Two lines mark the range in the entries below: the one holding "Sweatshirt col rond" and the one holding "Cummins Replacement Coalescing". Set down those two and all lines between them, exactly.

*** Opening The input ***

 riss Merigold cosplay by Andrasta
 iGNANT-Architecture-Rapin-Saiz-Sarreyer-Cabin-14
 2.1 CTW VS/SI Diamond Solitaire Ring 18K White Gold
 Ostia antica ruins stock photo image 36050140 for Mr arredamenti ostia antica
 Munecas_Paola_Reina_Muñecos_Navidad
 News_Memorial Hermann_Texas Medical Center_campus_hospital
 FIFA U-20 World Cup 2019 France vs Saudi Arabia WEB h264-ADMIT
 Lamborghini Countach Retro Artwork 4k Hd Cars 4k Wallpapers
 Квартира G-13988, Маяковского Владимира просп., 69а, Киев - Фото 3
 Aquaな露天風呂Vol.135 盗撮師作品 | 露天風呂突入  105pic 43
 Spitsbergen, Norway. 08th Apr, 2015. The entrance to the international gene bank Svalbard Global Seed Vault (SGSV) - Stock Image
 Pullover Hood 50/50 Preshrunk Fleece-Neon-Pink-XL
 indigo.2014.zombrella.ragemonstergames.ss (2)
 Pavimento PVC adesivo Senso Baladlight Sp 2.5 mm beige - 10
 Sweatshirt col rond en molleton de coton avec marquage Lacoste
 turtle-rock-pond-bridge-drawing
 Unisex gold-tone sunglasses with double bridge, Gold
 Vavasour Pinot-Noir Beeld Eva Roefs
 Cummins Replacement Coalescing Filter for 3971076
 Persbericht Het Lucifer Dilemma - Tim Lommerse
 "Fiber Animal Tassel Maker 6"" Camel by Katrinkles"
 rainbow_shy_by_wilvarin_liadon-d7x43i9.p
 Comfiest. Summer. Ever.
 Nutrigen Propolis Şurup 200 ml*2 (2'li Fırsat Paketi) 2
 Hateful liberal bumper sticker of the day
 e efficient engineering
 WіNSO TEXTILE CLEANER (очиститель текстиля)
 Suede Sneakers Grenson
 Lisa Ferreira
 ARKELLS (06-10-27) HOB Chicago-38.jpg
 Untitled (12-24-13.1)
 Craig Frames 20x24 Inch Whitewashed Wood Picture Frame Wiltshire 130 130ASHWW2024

*** Closing The input ***

• **Result below**
 Sweatshirt col rond en molleton de coton avec marquage Lacoste
 turtle-rock-pond-bridge-drawing
 Unisex gold-tone sunglasses with double bridge, Gold
 Vavasour Pinot-Noir Beeld Eva Roefs
 Cummins Replacement Coalescing Filter for 3971076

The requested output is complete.